Give me your feelings on it

Bob


----------



## Aquaman62 (Dec 1, 2018)

sorry about he spelling, it auto corrected and I did not

check the listing properly

Jaquet droz 70s chrono


----------



## martinzx (Aug 29, 2010)

Not familiar with the brand, it looks 1970's to me, probably a Valjoux 7733 caliber, it looks in good condition, but a service to cost some. It will look good on a rally strap.

Check Ebay sold listing for a value,

Cheers Martin :thumbsup:


----------



## spinynorman (Apr 2, 2014)

Looks like a nice watch. There was one on Ebay, but it was withdrawn, presumably sold on their main site. However, you can see how much they were asking for it.

https://www.ebay.ie/itm/JAQUET-DROZ-CHRONOGRAPH-VINTAGE-VALJOUX-7733-STAINLESS-STEEL-WATCH-38MM-COM593-/322790471859

Some history

http://www.wiglaf.org/aaronm/watches/jaquet/

https://monochrome-watches.com/recent-history-of-jaquet-droz/

https://www.fratellowatches.com/vintage-jaquet-droz-from-the-1960s-and-1970s/


----------



## scottswatches (Sep 22, 2009)

Nice, but not top quality unlike their new watches.
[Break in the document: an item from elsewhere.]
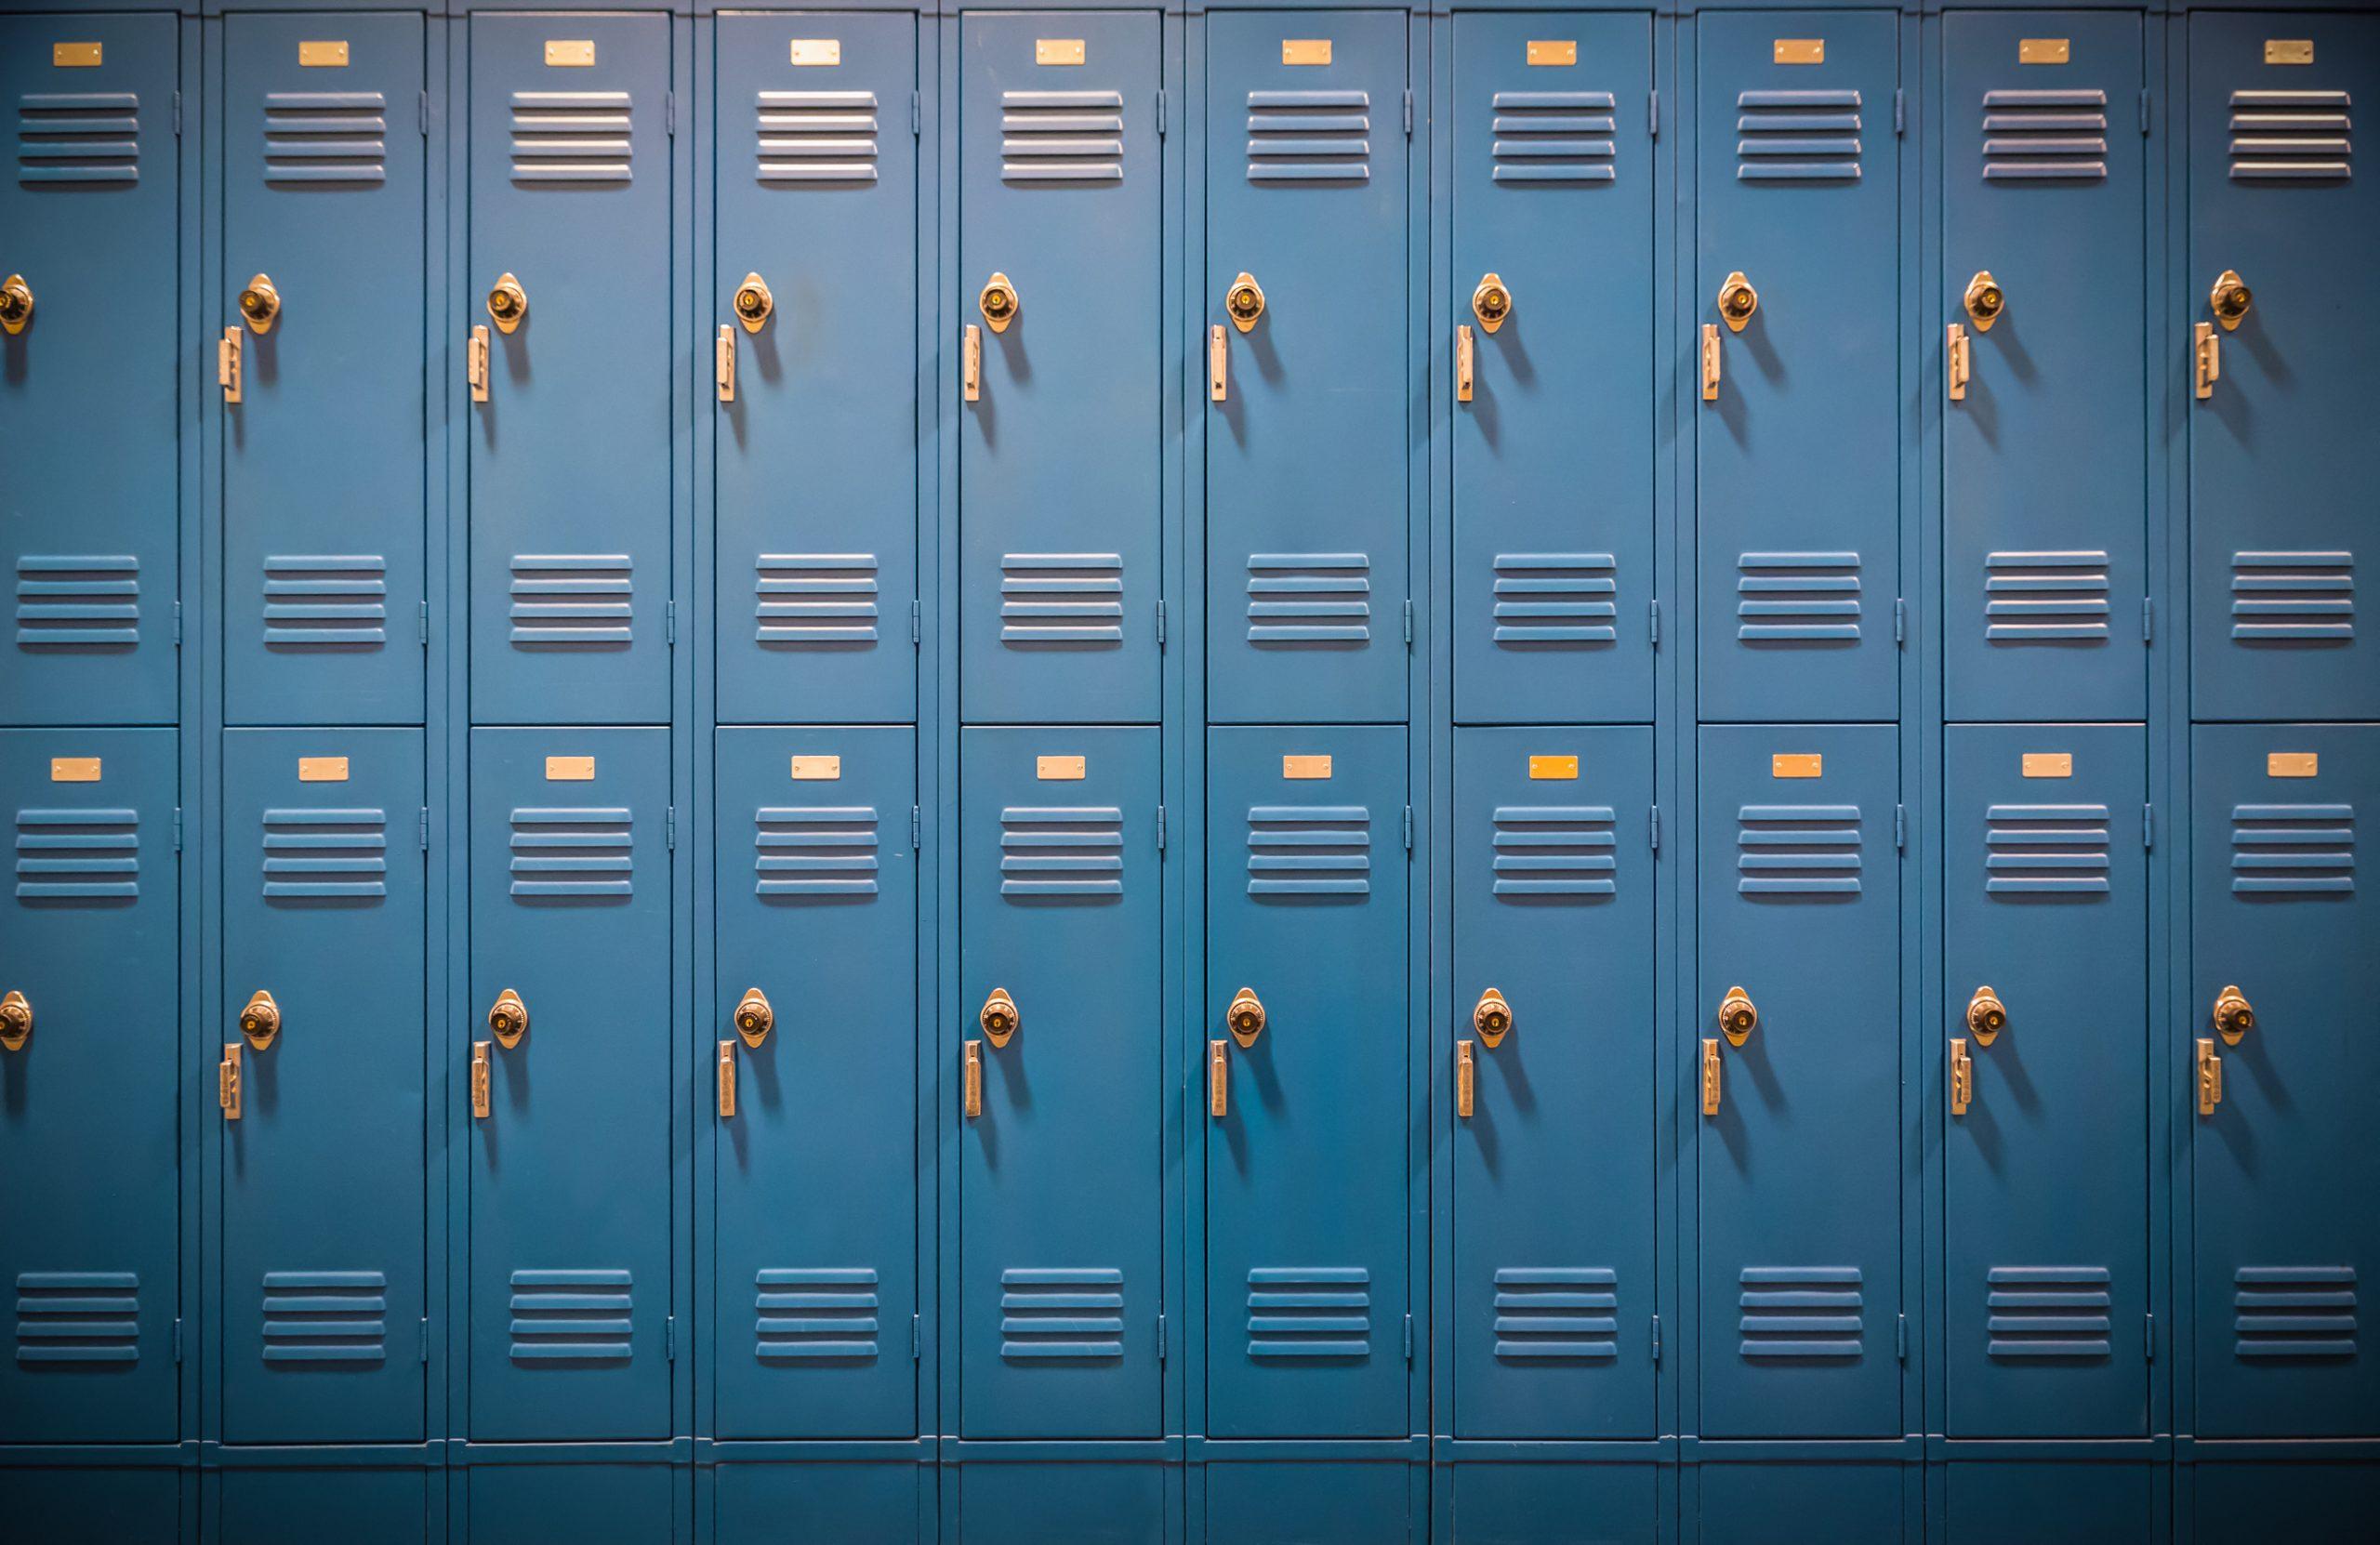 Row of High School Lockers

But if you look at the Jaquet Doz website their history that they sell on so much skips 200 years...


----------



## enfuseeast (Oct 19, 2018)

looks like a nice watch......bear in mind chronographs can be expensive to service....especially if they need new parts....but if the ebay listing posted by @spinynorman is an accurate reflection of value (i have seen a vertex revue in awful condition on e bay...not WWW...listed at £5000...so try and find a few other listings for your watch to compare)....it may be worth it if you are buying at a reasonable price


----------



## spinynorman (Apr 2, 2014)

enfuseeast said:


> but if the ebay listing posted by @spinynorman is an accurate reflection of value


 Bearing in mind the opinions of their 70s watches in the links I posted, I wonder if that Ebay listing was trying to take advantage of the reputation of their current models to inflate the price.


----------



## Always"watching" (Sep 21, 2013)

Odd but interesting is this brand name "Jaquet Droz," dear @Aquaman62. Without handling the watch, I can't pass judgement on its likely value or real quality, but from the picture - and if it is all-steel and original - then I rather like it and would date it to the turn of the 1960s into the early 1970s.
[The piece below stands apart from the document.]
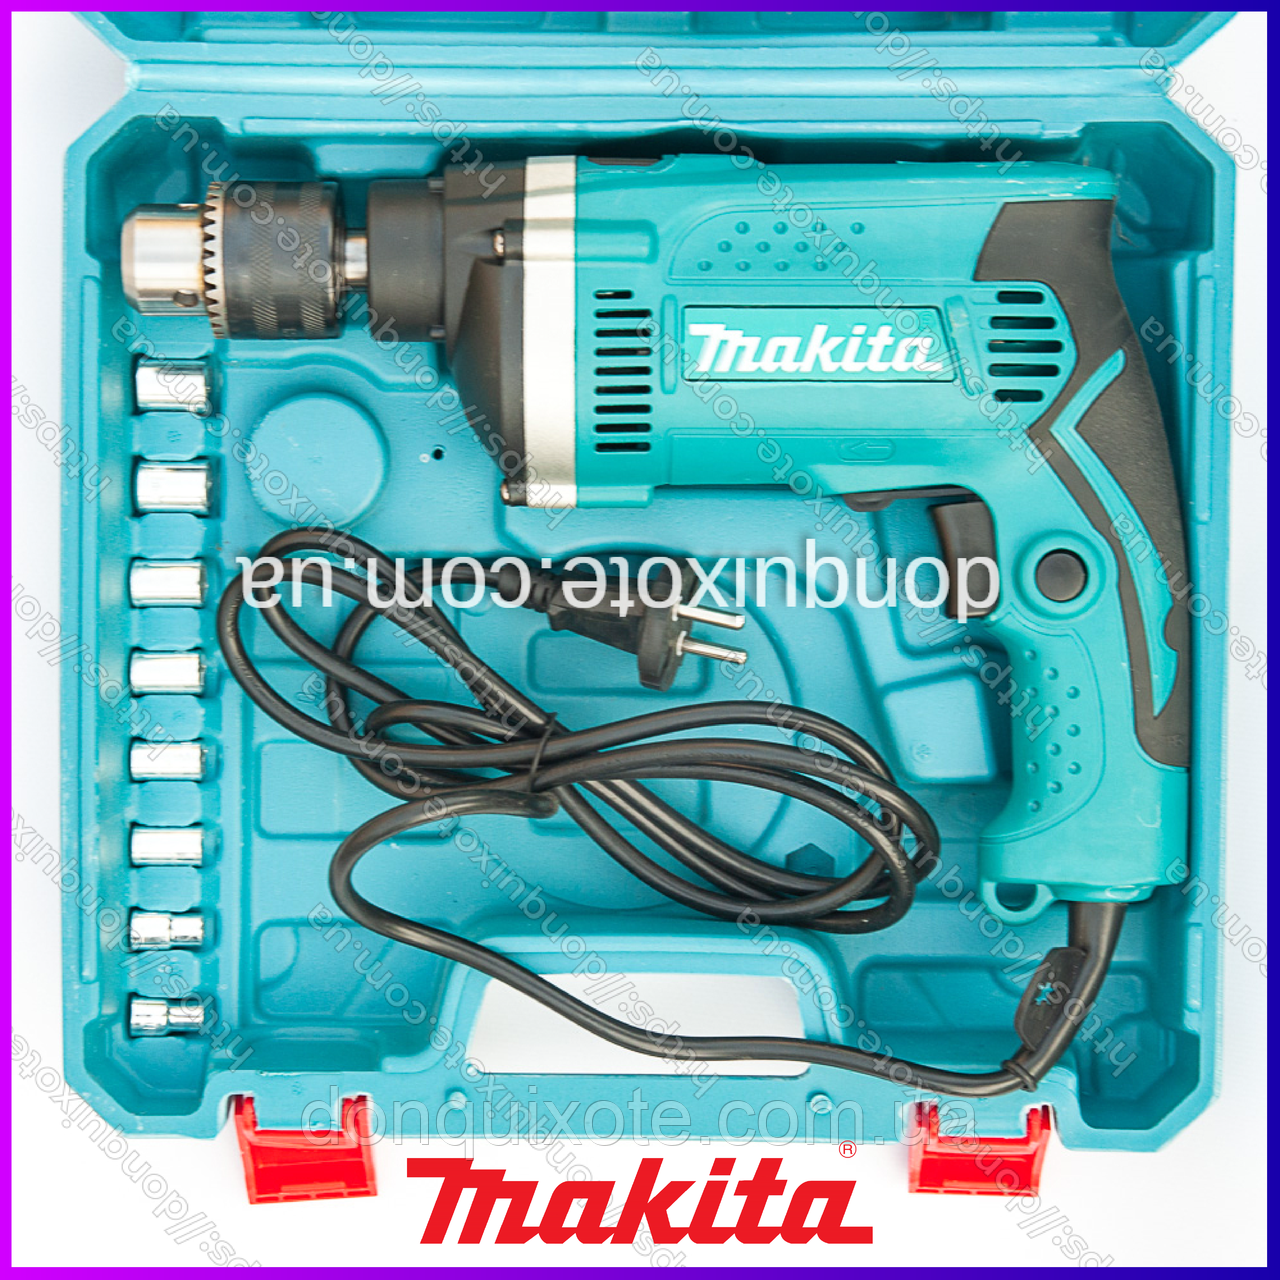 Ударная дрель Makita HP1630 (710 Вт, 0-3200 об./мин.) Дрель Макита

The current Jaquet Droz brand is part of the Swatch Group and is named after the celebrated 18th century watch and automaton maker (at Neuchâtel) Pierre Jaquet-Droz. The Swatch Group acquired the brand in 2000 and it is now part of the luxury end of Swatch Group companies/brands. Judging by the extensive missing years between Pierre Jaquet-Droz and his son, and the acquisition of the Jaquet Droz brand by Swatch, it is evident that much research needs to be done to find out more about who made or assembled watches branded Jaquet Droz that fall within the period of no information. One interesting little snippet of info is that one of the earliest (if not the earliest) references to the wristwatch (ie: a decorative watch worn on the wrist) occurs in a 1790 account book of the Geneva house of Jaquet-Droz and Leschot.


----------



## Aquaman62 (Dec 1, 2018)

Thanks for the info gents, it's really hard to find examples of this chrono, found a few they made

as divers watches, listed for approx £1000, but listed and selling price are different things.

think I will offer £250 -300 for it , put a new strap on it and see if I can turn up any

more info on it.

what vintage sports chrono would you collect if you were spending £400-£800 ?????


----------



## stdape (Mar 9, 2018)

Wouldn't go much on E-Bay prices, if a Buy Now, prices seem way over the Top. Some dealers do not have a clue, same with other items


----------



## scottswatches (Sep 22, 2009)

Aquaman62 said:


> think I will offer £250 -300 for it , put a new strap on it and see if I can turn up any


 I wouldn't put a new strap on it - it doesn't make any real difference to eBay prices. December can be a quiet month for sales, as more often than not we treat ourselves to a new watch, and this month we have to spend spend spend on everyone else instead!

I'd be a buyer at the bottom end of your price scale, so please put the eBay link on here once it is listed


----------